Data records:

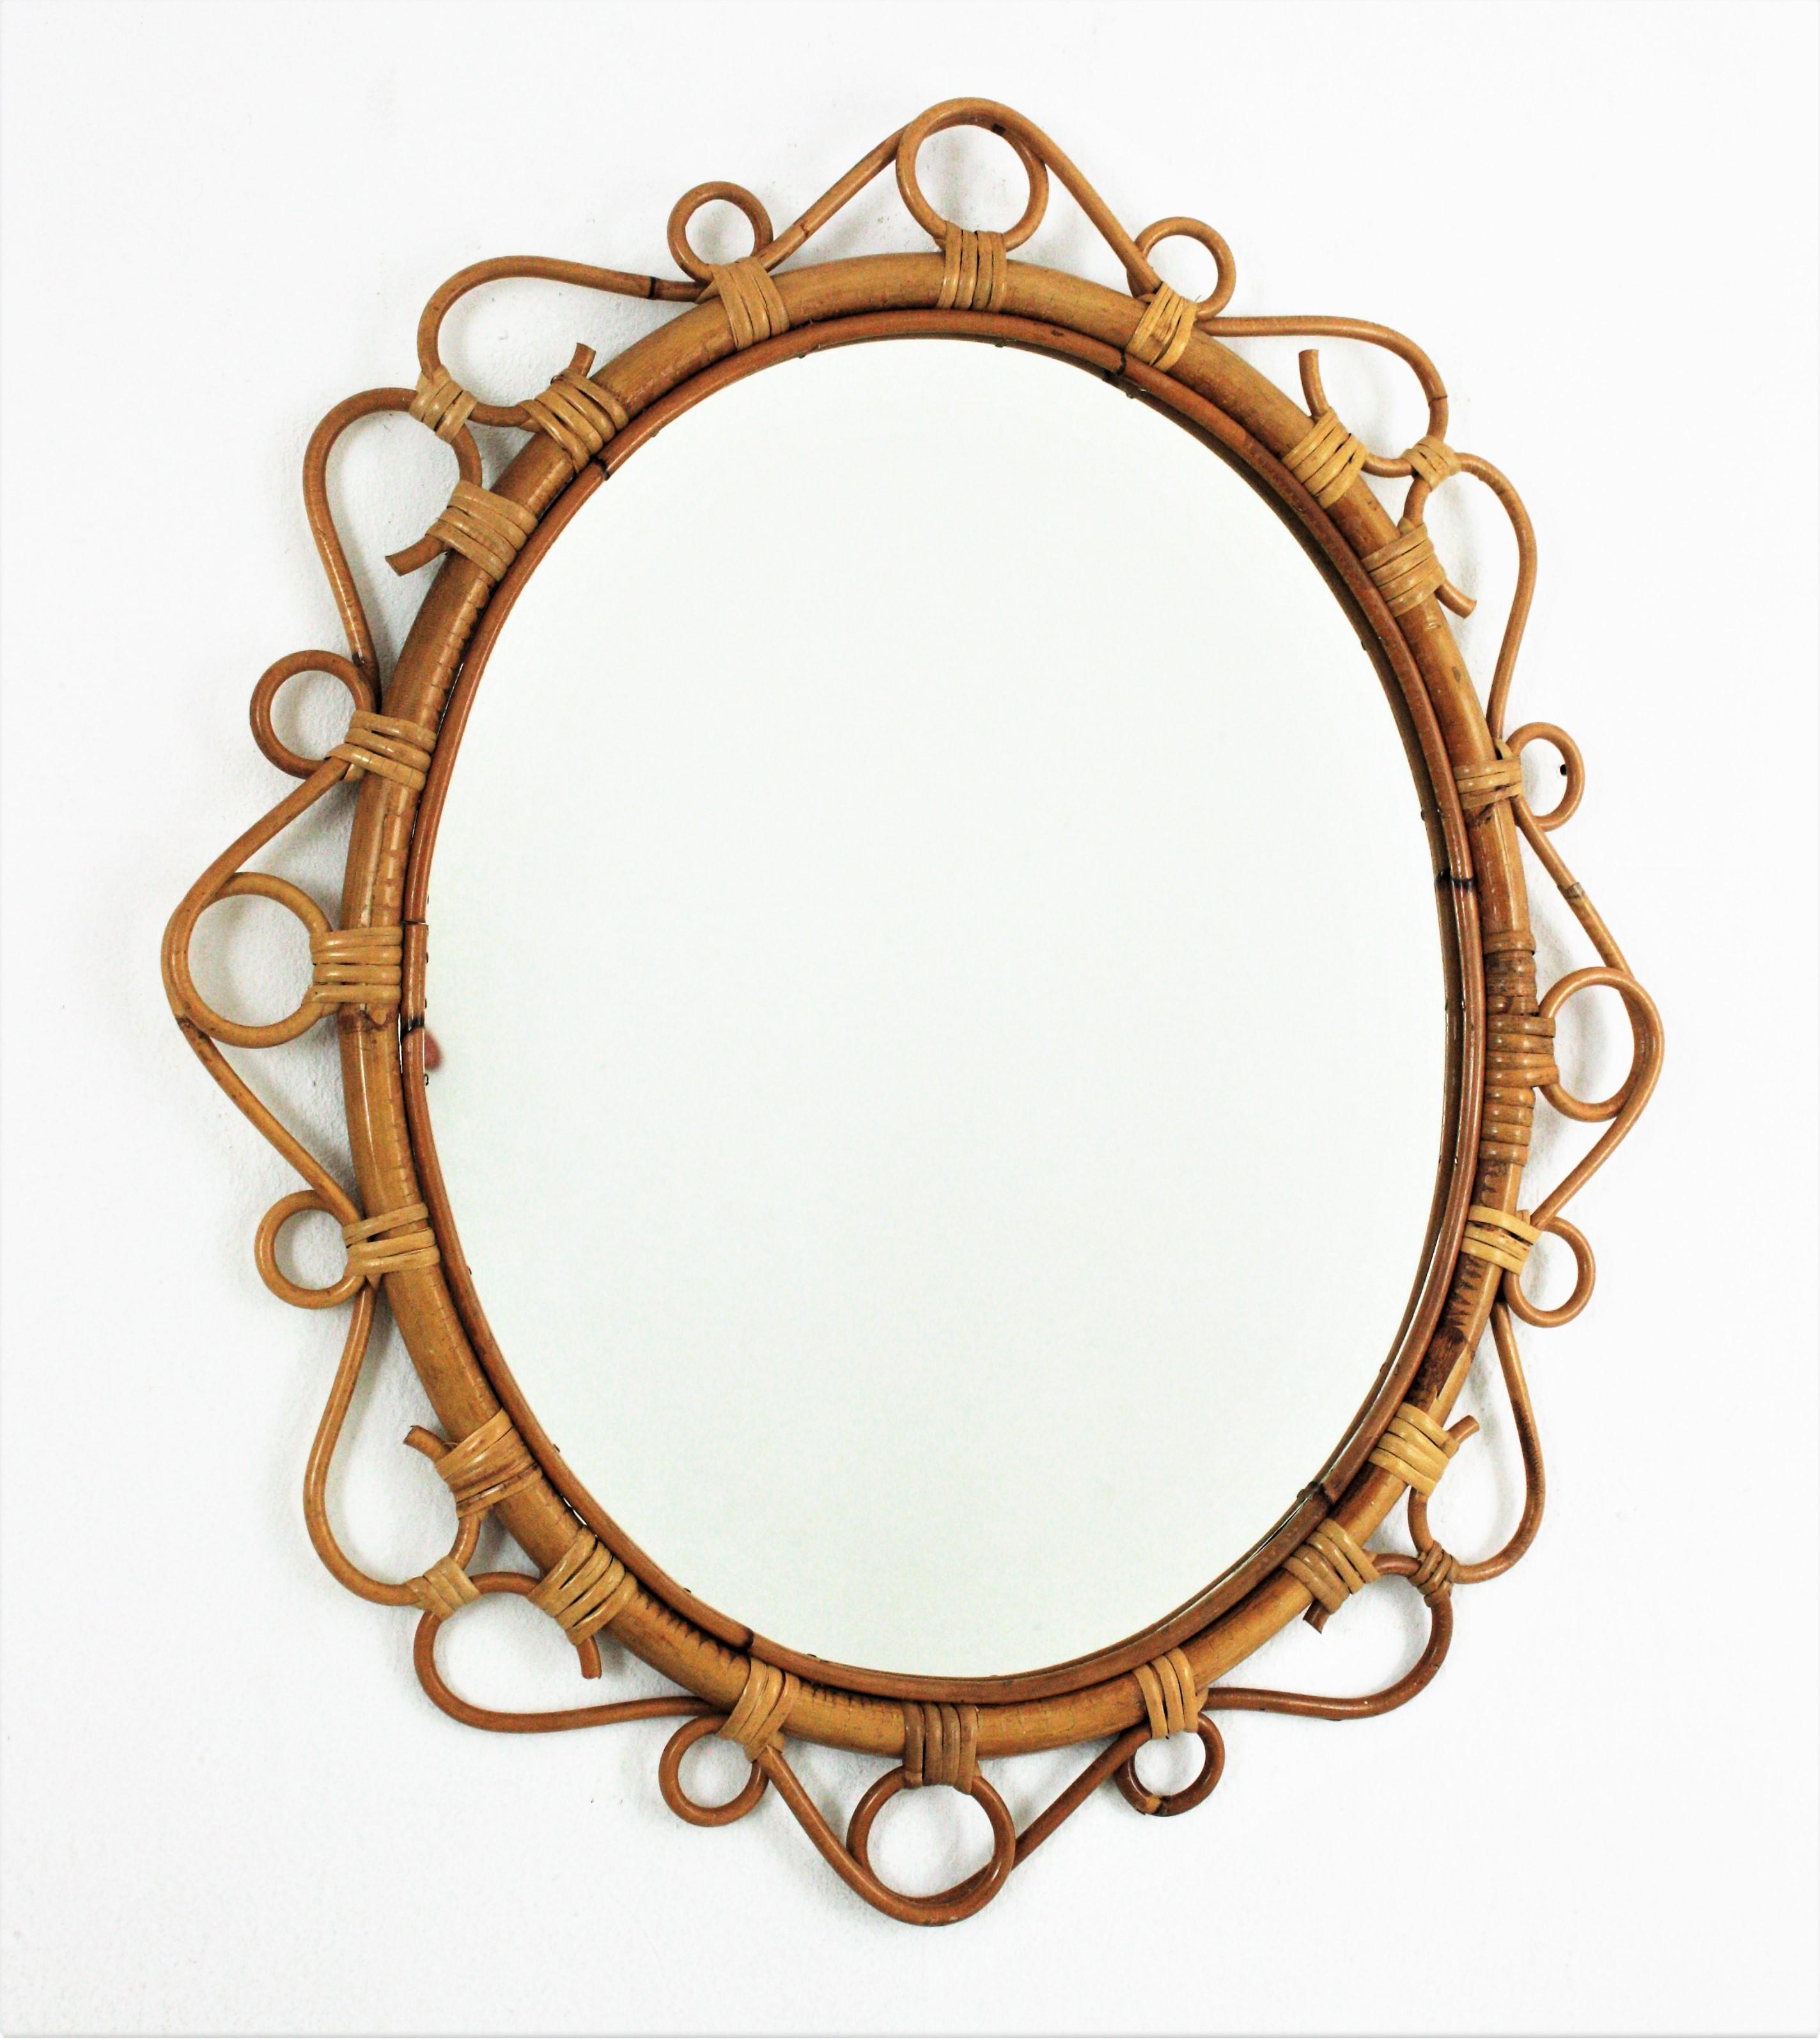 Eye-catching handcrafted bamboo and rattan oval mirror with scroll detailing surrounding the frame. Spain, circa 1960s.
This Mediterranean wall mirror features an oval bamboo frame surrounded by rattan scroll and circle decorations.
It will add a
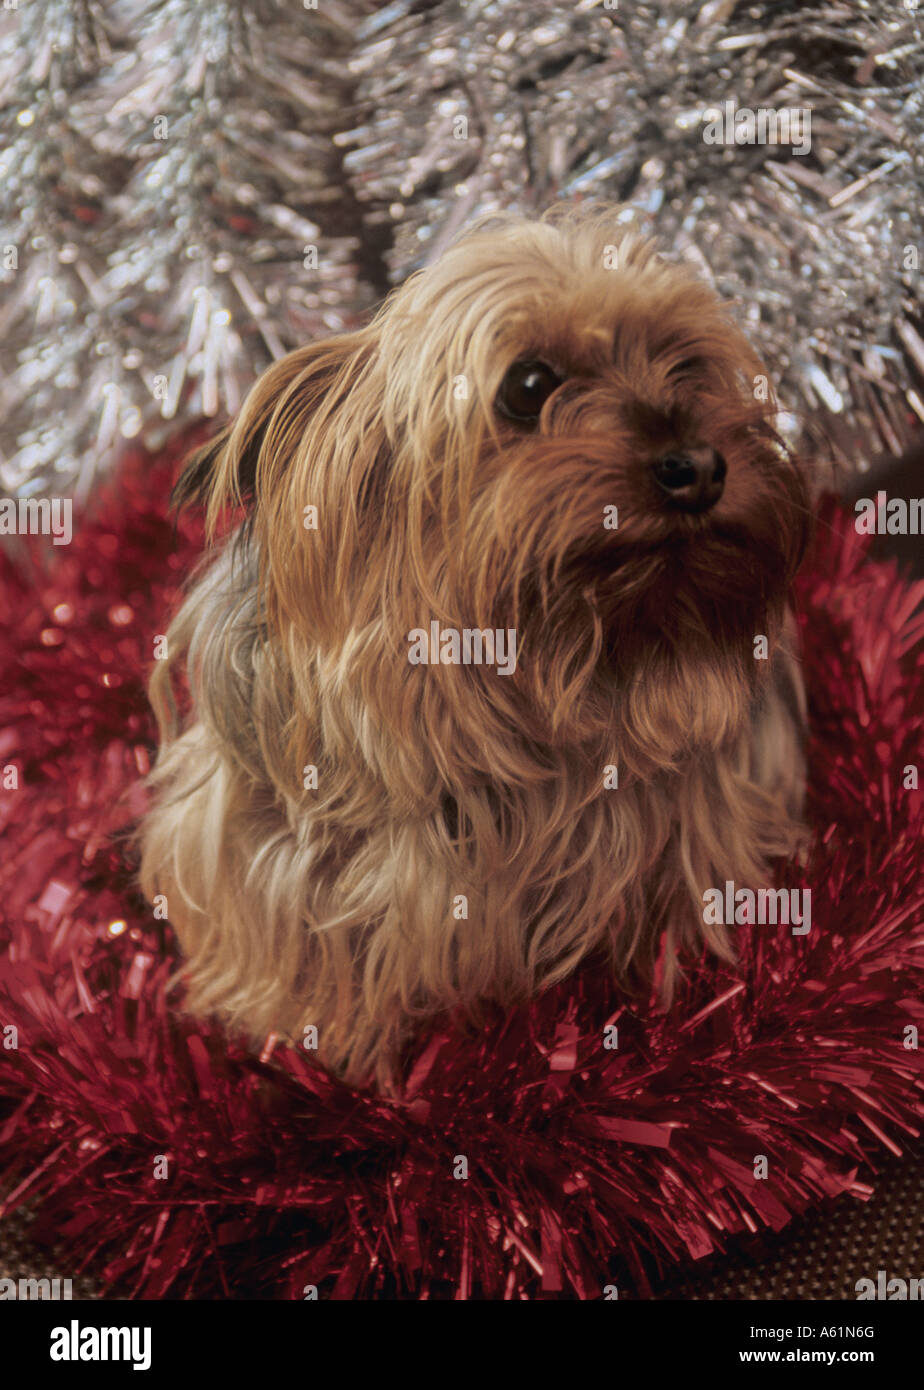 yorkshire terrier dog surrounded by lots of tinsel at Christmas time Stock Photo
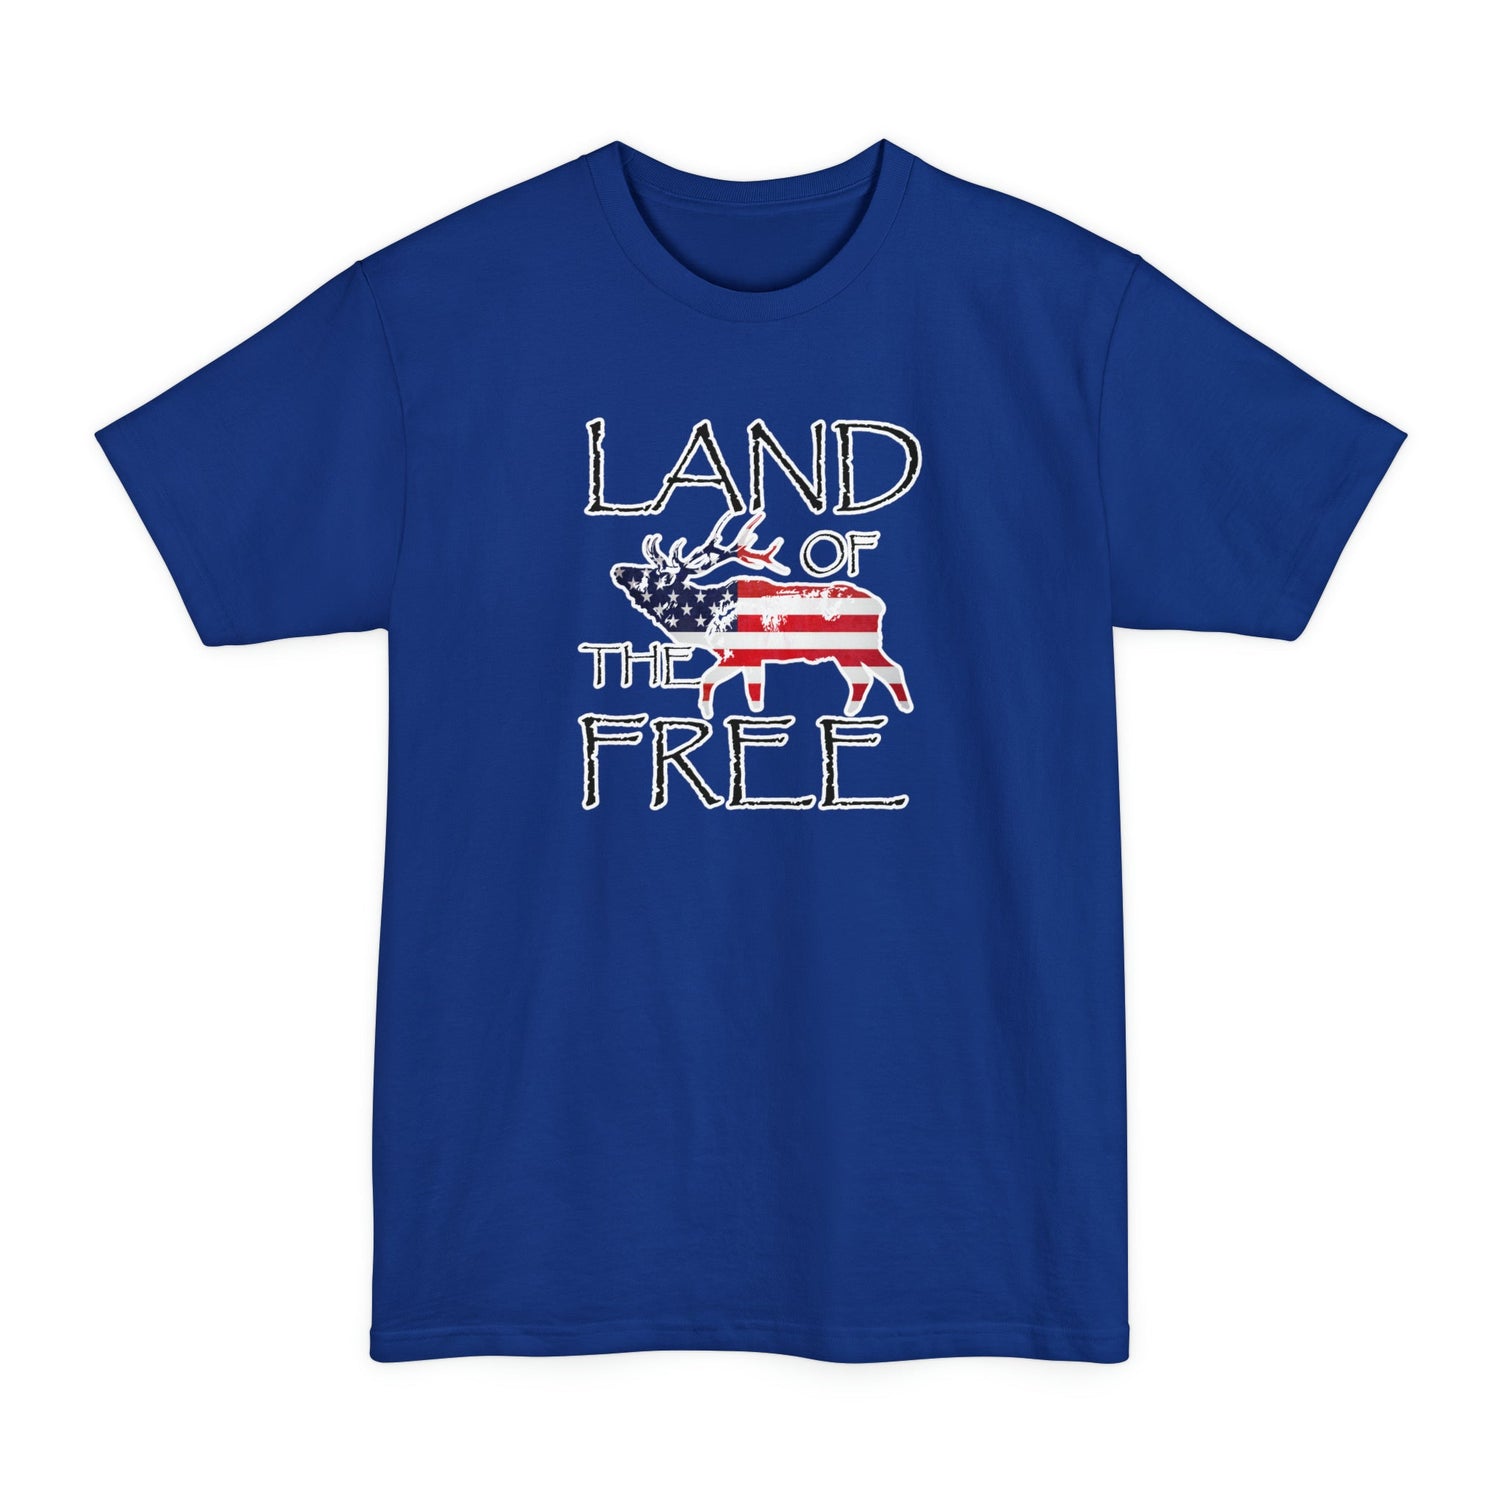 Big and tall patriotic elk hunting t-shirt, color blue, front design placement

**What is needed:** Print the data above exactly, from its first line to the line bearing "yorkshire terrier dog" inclusive, and keep pictures out of the result.

**Output:**
 Eye-catching handcrafted bamboo and rattan oval mirror with scroll detailing surrounding the frame. Spain, circa 1960s.
This Mediterranean wall mirror features an oval bamboo frame surrounded by rattan scroll and circle decorations.
It will add a
 yorkshire terrier dog surrounded by lots of tinsel at Christmas time Stock Photo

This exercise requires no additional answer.